People now talk about INCEPTION... The this concept of changing reality by entering dream was first used  in movie Teen Deviyan of Dev Saheb..  Once Bombay high court had ban him wearing Black cloths in public places... Because ppl gather too much to see him... 

He was the first actor to bring style in cinema...

Mein zindagi ka sath nibhata chala gaya....

He is not dead.. He is still alive in his works and in heart of his fans.....


Abhi naa jao chodd ke ke dil abhi bhara nahi...


----------



## simransingh (Dec 5, 2011)

its very sad . RIP Dev ji


----------



## Skyh3ck (Dec 6, 2011)

Dont misunderstand me....not full movie is of Dreams

Dev Anand loves threee different ladies, but he can Marry only one... But he cant decide so he visits a Doctor, who suggest him to get sleep and dream life with each girl and decide how real life will be 

Dev does the same and dreams life with each girl separately and then chooses the right girl..


The movie was released in 1965, entire movie is black and white except the dreams which is in colour.....

There is also the beautiful song "Khwab ho tum ya koi haqeeqat... "


Isnt it great to have such movies in India releaed 50 years back...

The Guide film poster was recently sold to a New york Person for RS 200000/-..... How great was the golden time of Indian Cineam....

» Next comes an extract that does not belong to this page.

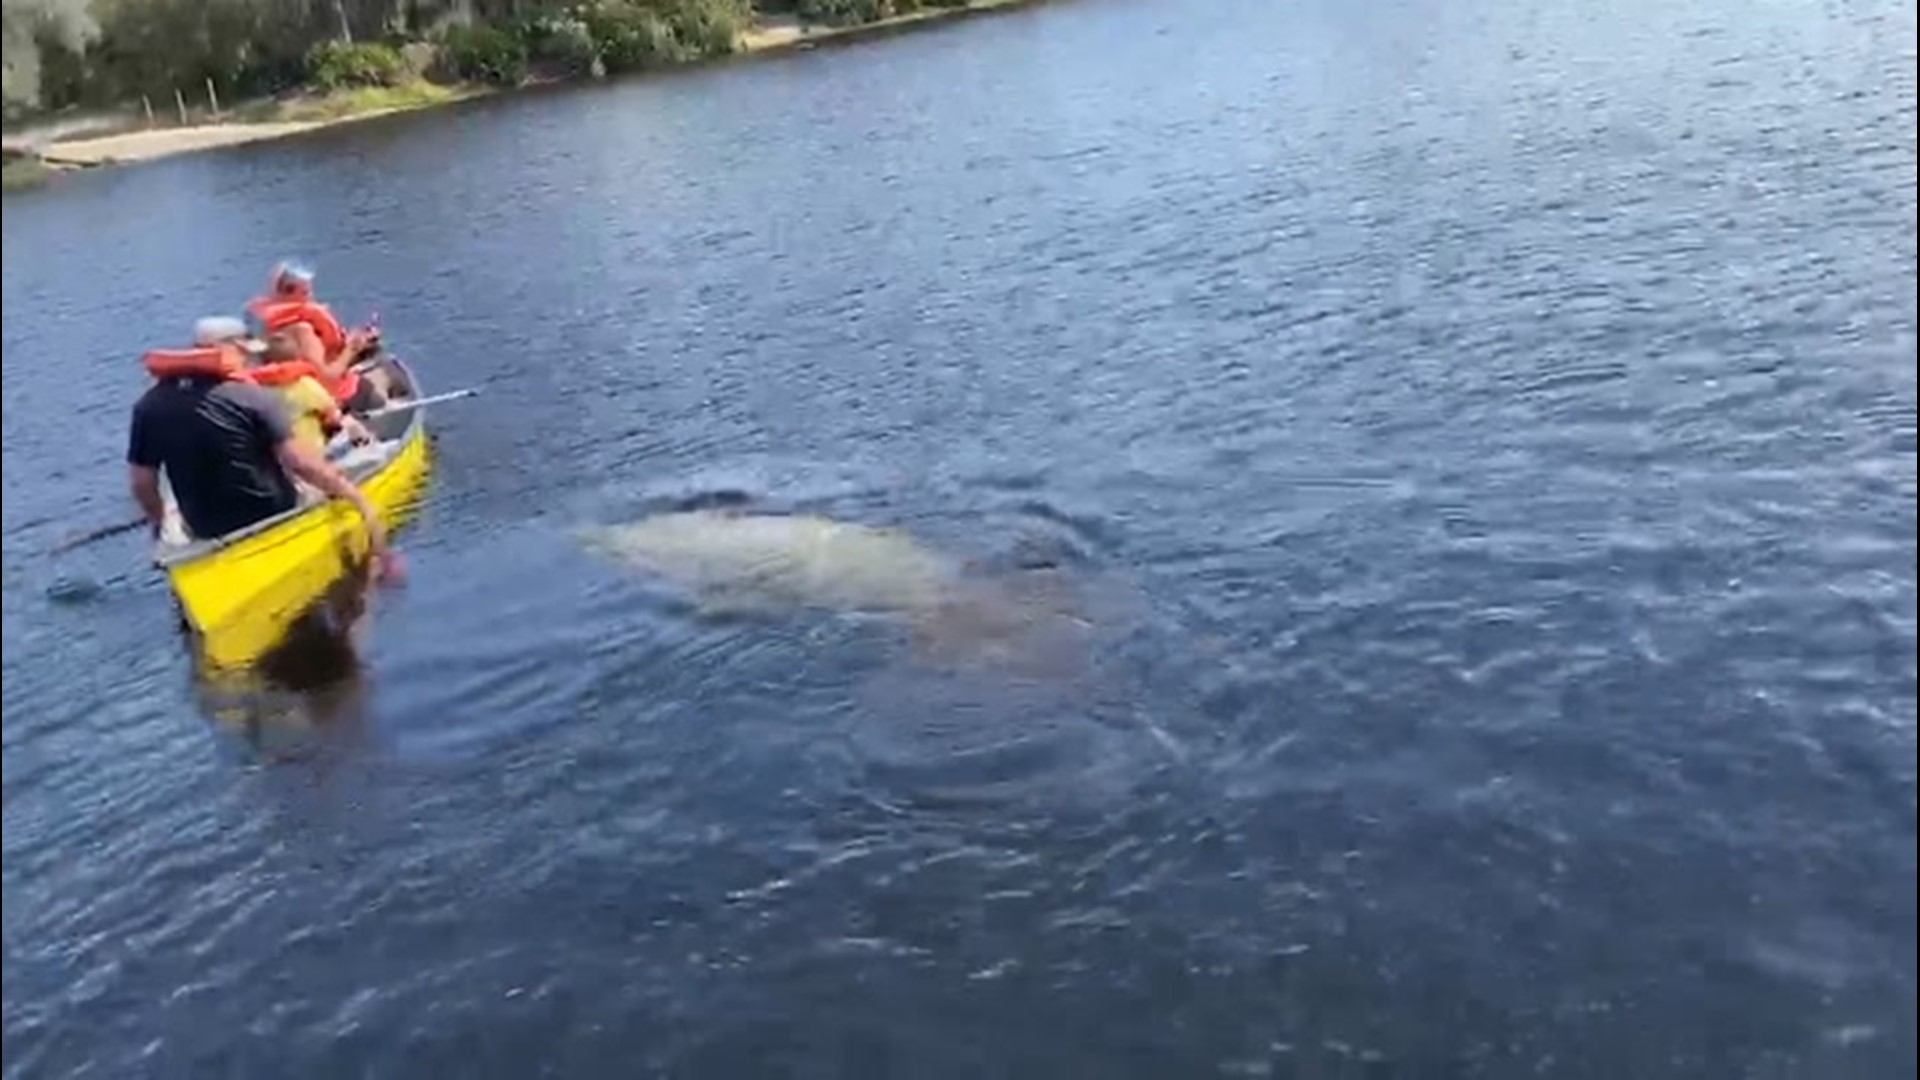 Some kayakers on the Saint Johns River, near Orange City, Florida, received a special visit from some manatees on Feb. 24.
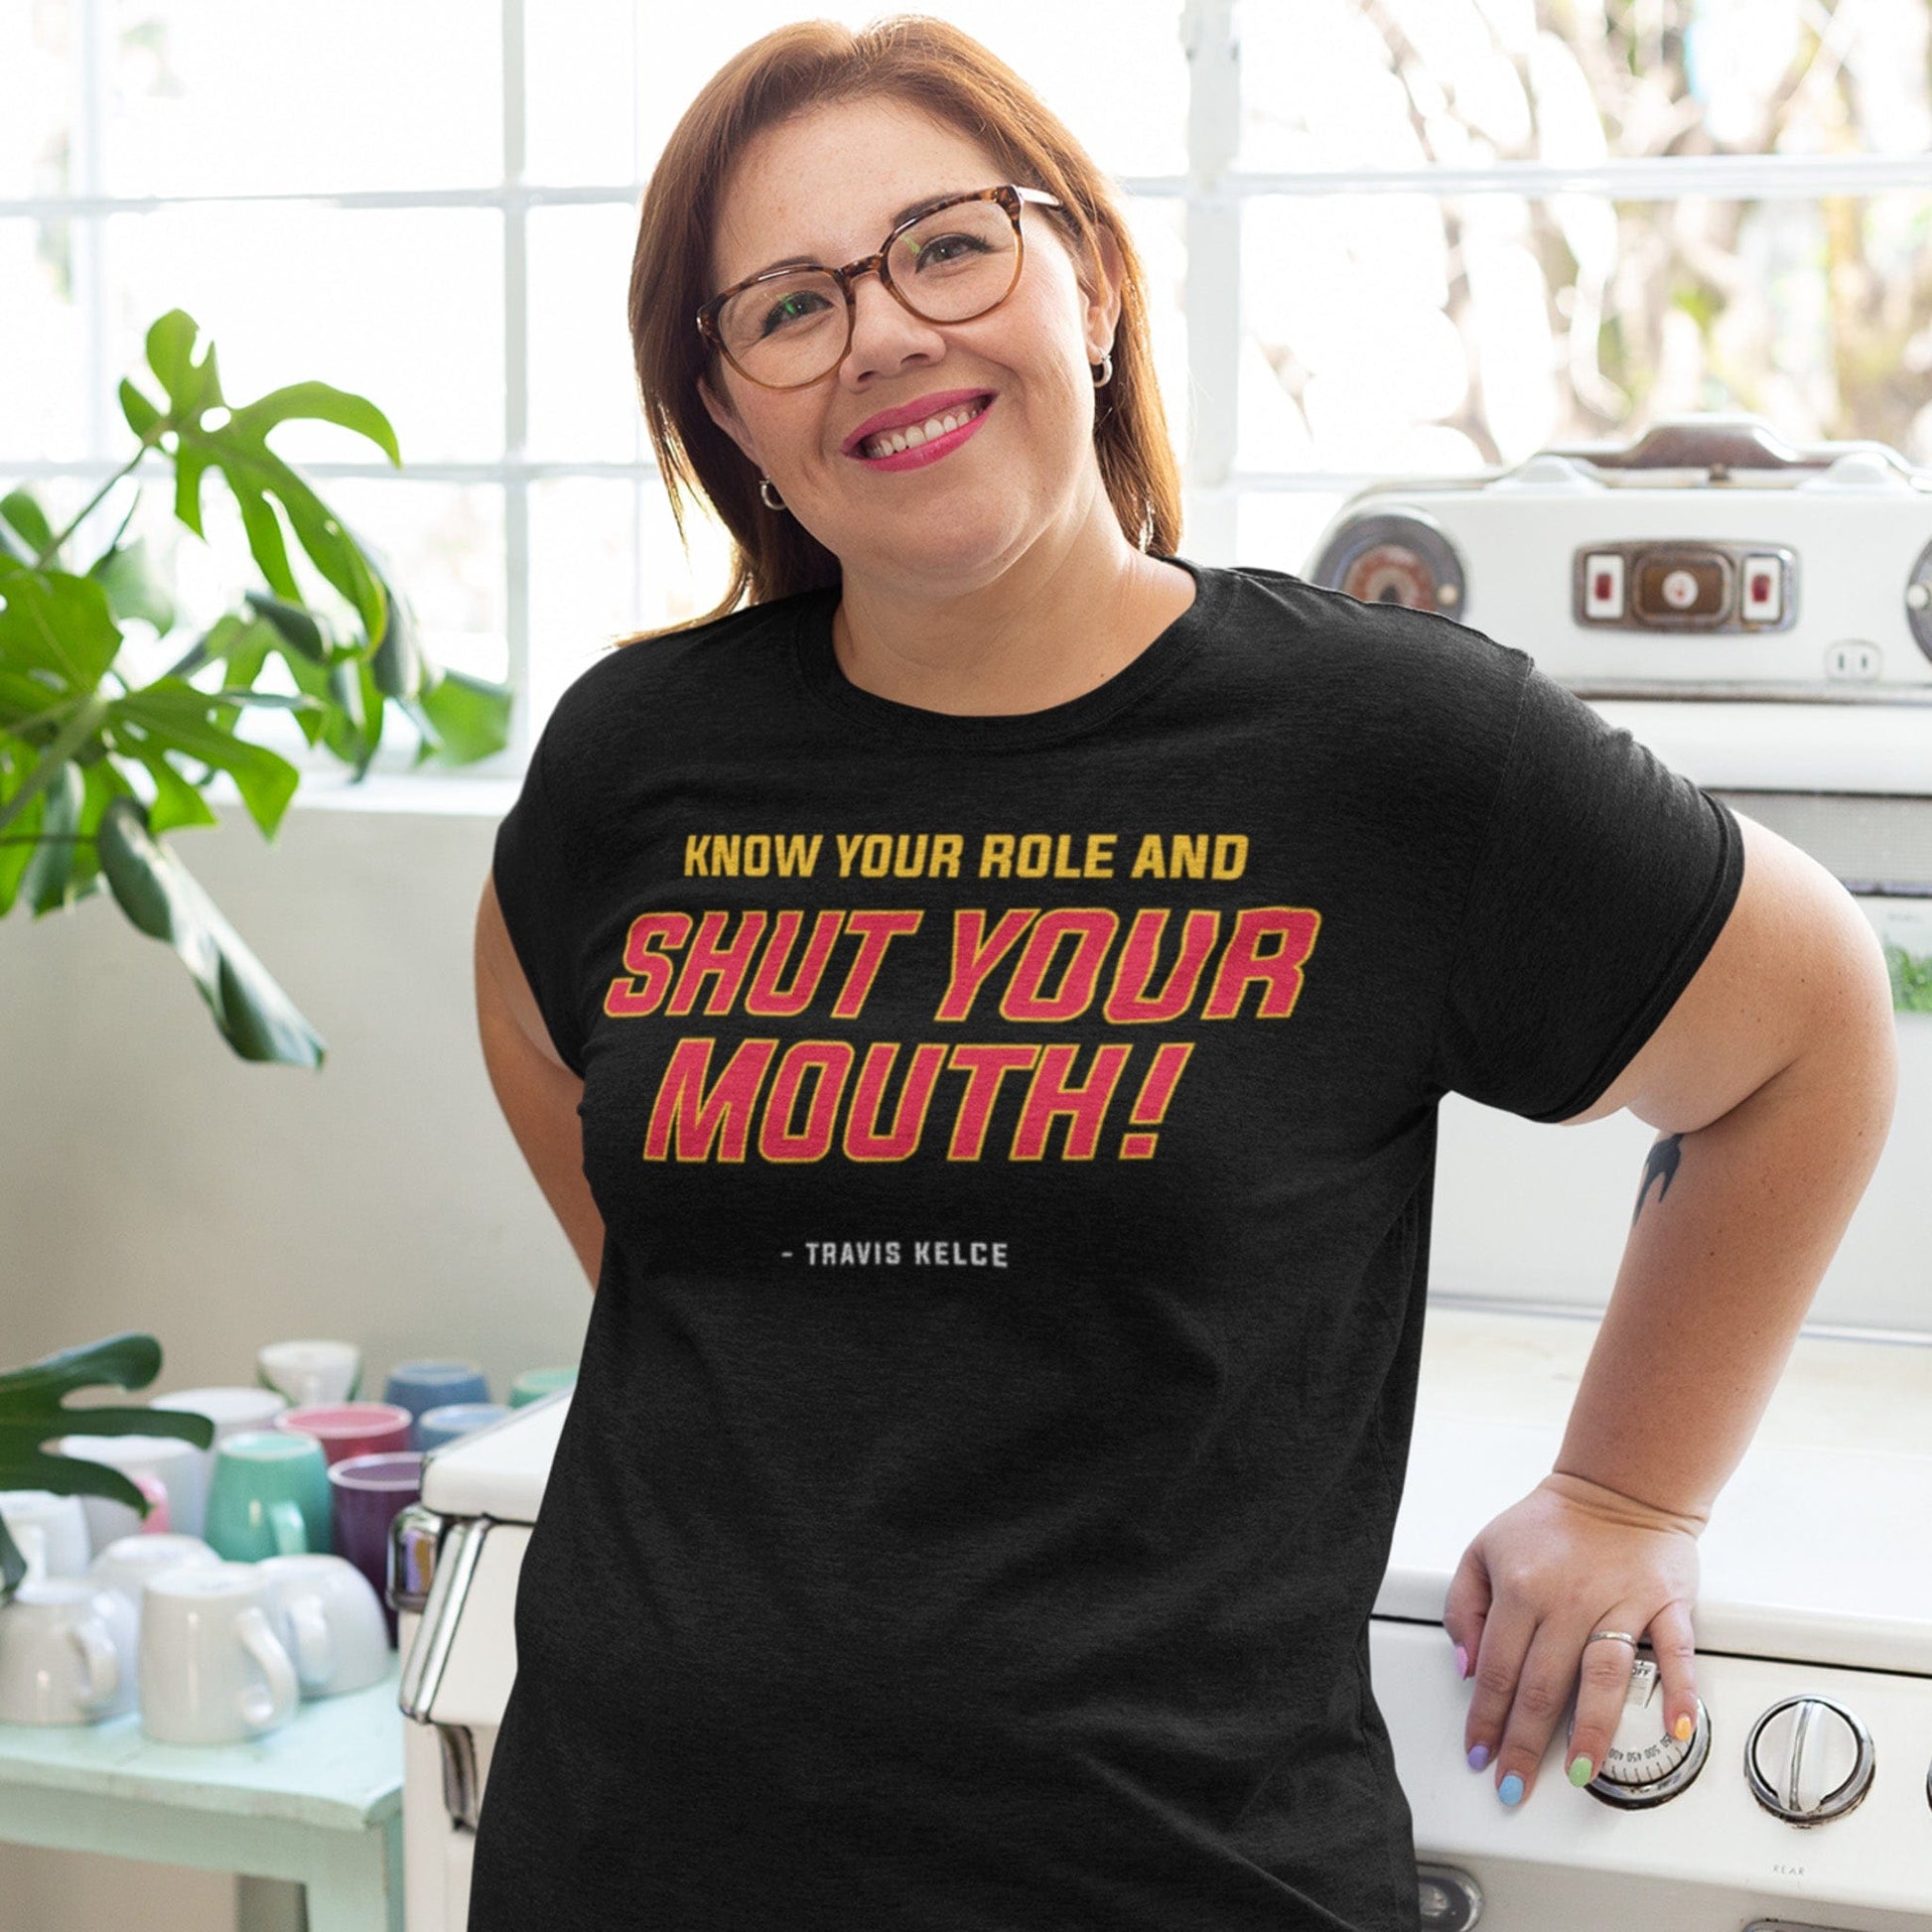 KC Swah Kansas City Chiefs red, yellow, white SHUT YOUR MOUTH on heather black unisex t-shirt worn by female model leaning on stove in bright kitchen

With death of several atists we are loosing too much....


----------



## harpreet115 (Dec 7, 2011)

He will always be remembered because of his unique style and evergreen films.
His movie Guide was also first film to win all four of the major awards(Best Movie, Best Director, Best Actor and Best Actress) and held this record for 30 years.


----------



## kevinkerby10 (Dec 30, 2011)

I know it, this is the heart break moments for every bollywood actors. In my view i think sir dev anand is the legend and special character of bollywood. My father is the big fan of these is well and he really miss him a lot.:sad.


----------